DATASET CONTENT:
_ _ _ _ _ _ _

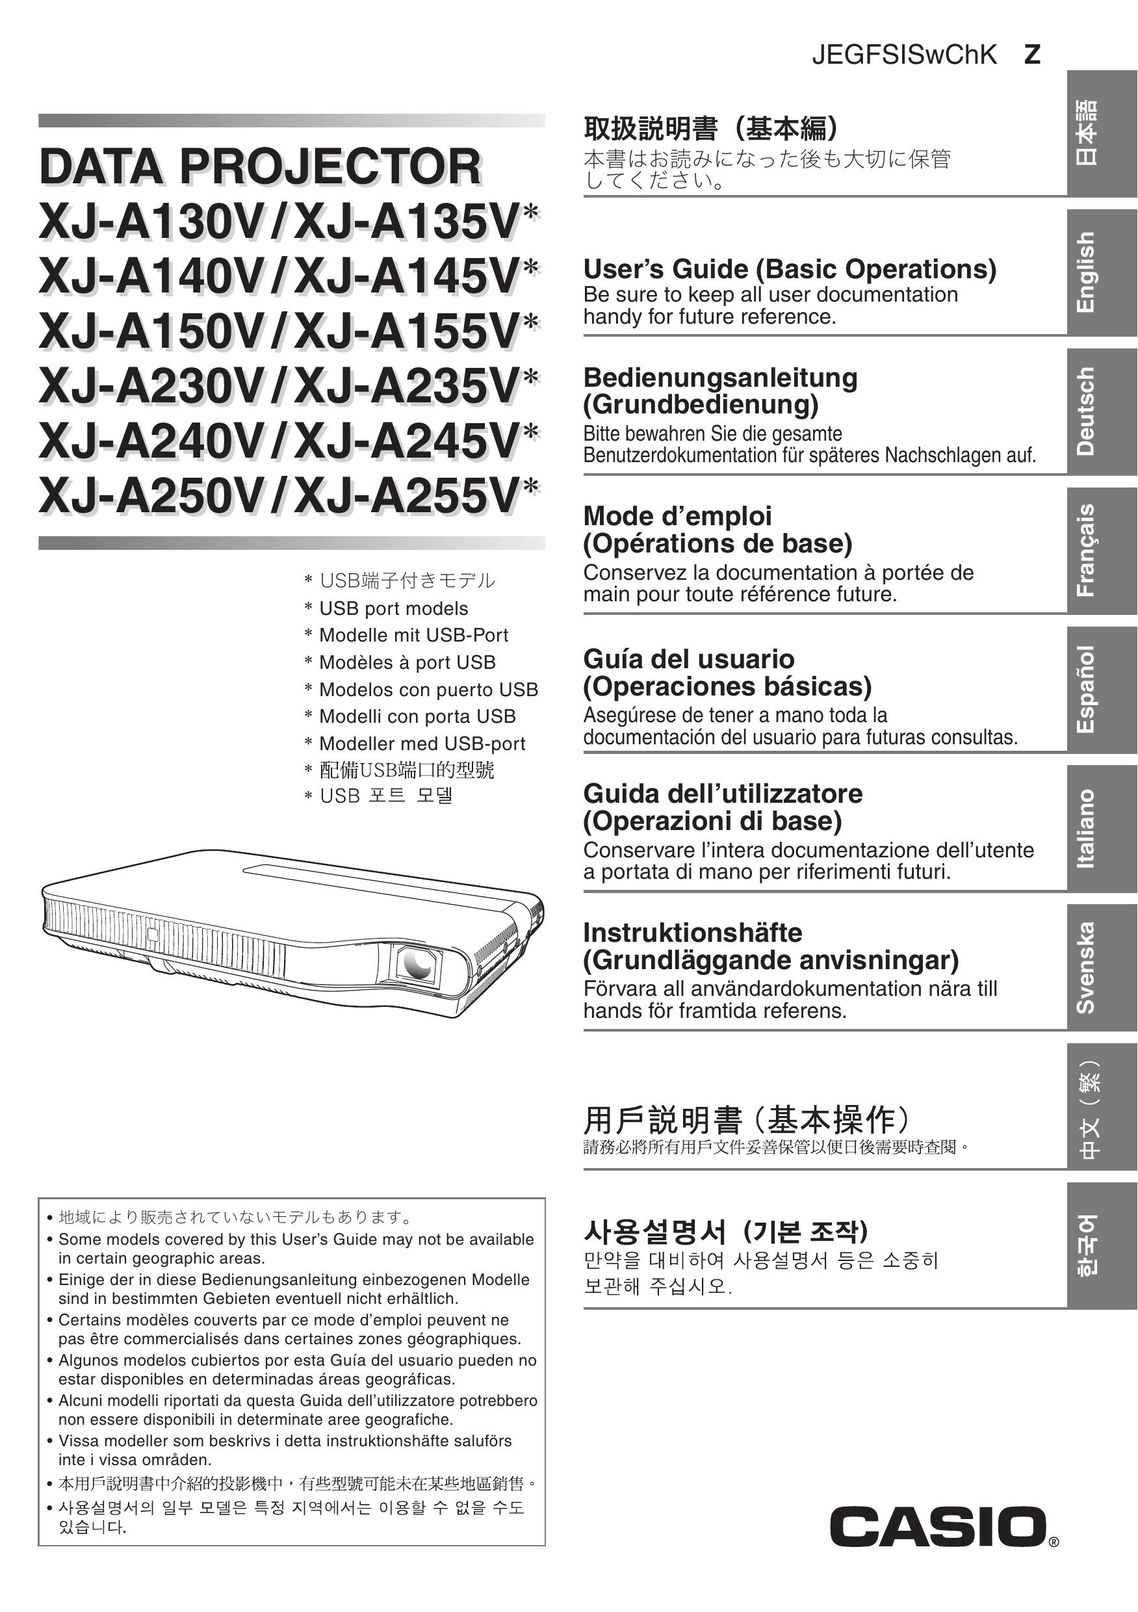 Casio XJ-A240V/XJ-A245V* Projector User Manual
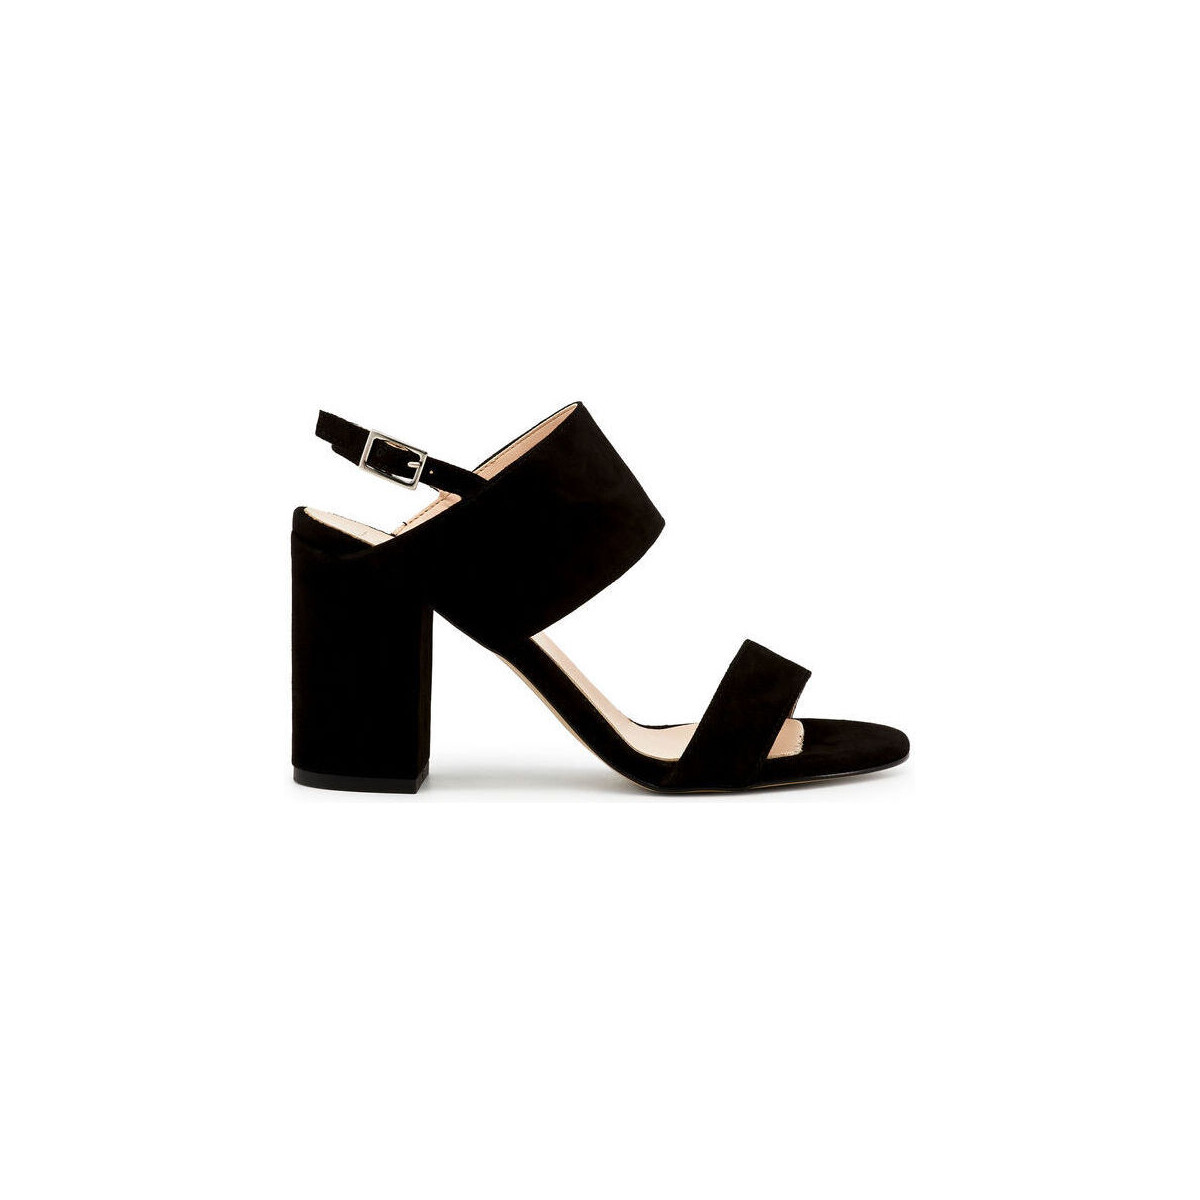 Schoenen Dames Sandalen / Open schoenen Made In Italia - favola Zwart
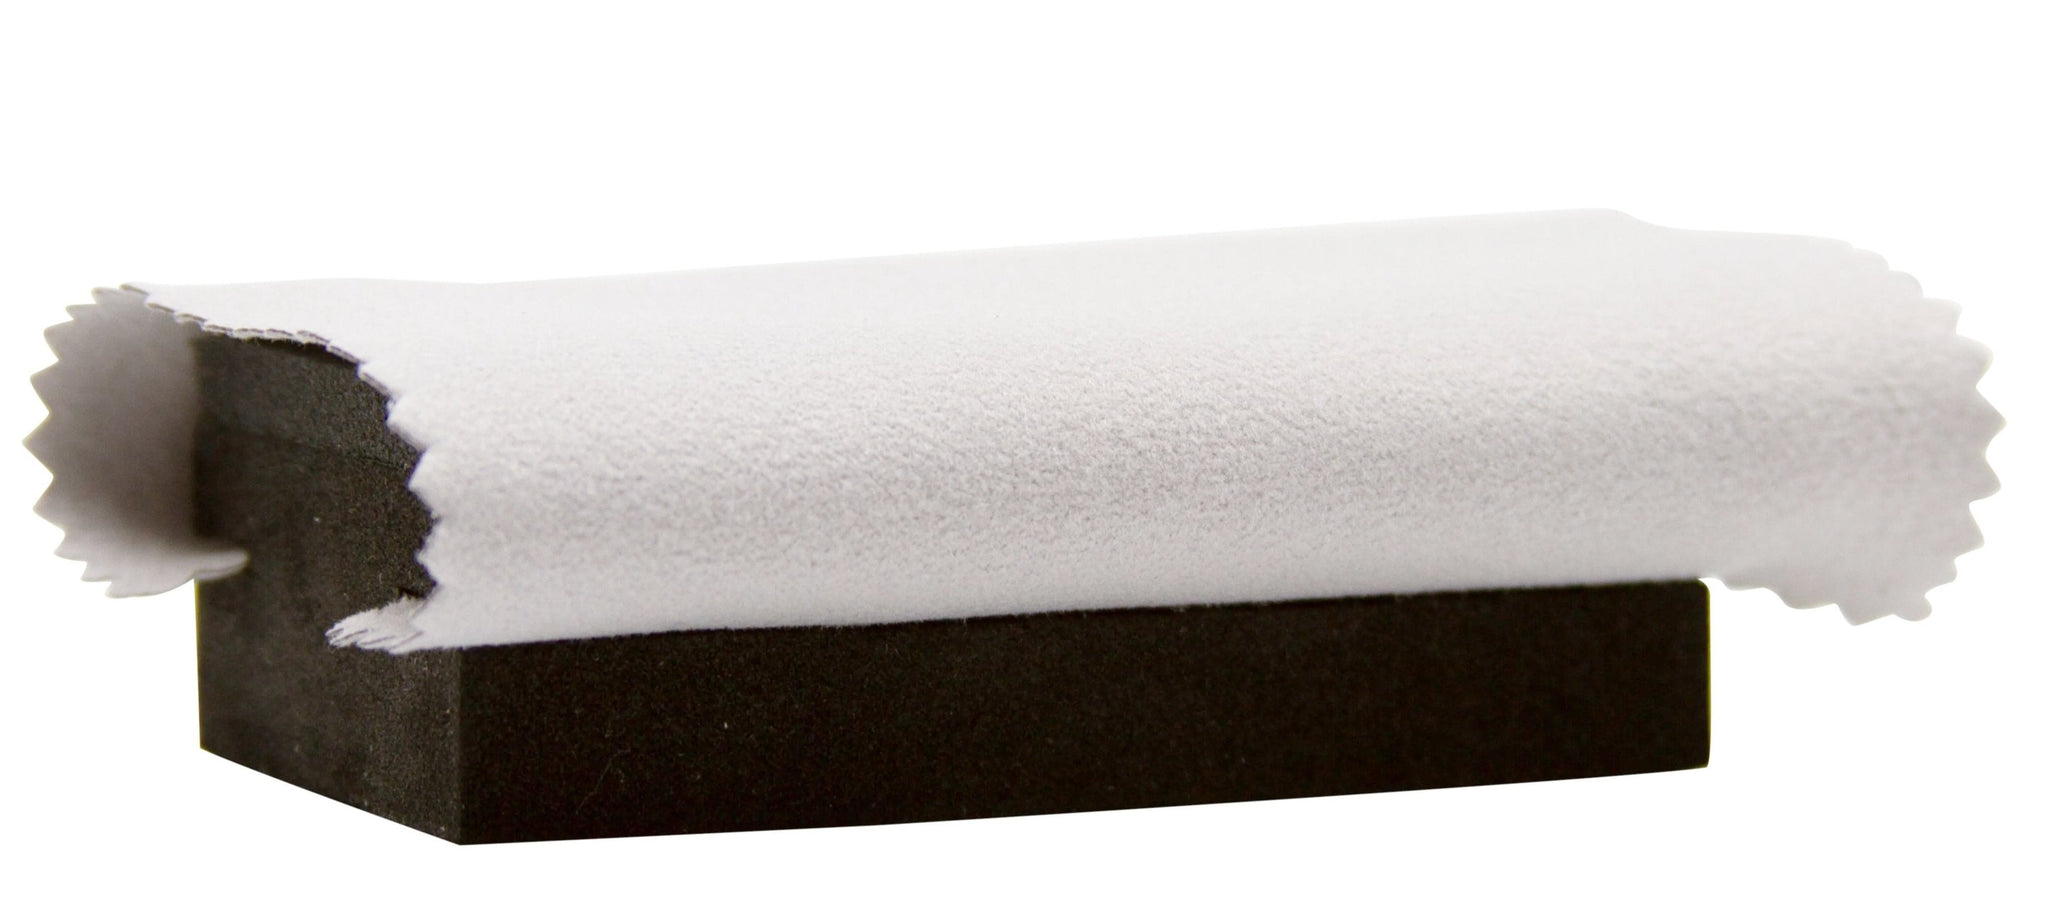 Ceramic coating foam block with microfiber cloth

_ _ _ _ _ _ _

EXERCISE GOAL: Reproduce all of the data exactly; the pictures do not belong in the copy.

ANSWER:
 Casio XJ-A240V/XJ-A245V* Projector User Manual
 Schoenen Dames Sandalen / Open schoenen Made In Italia - favola Zwart
 Ceramic coating foam block with microfiber cloth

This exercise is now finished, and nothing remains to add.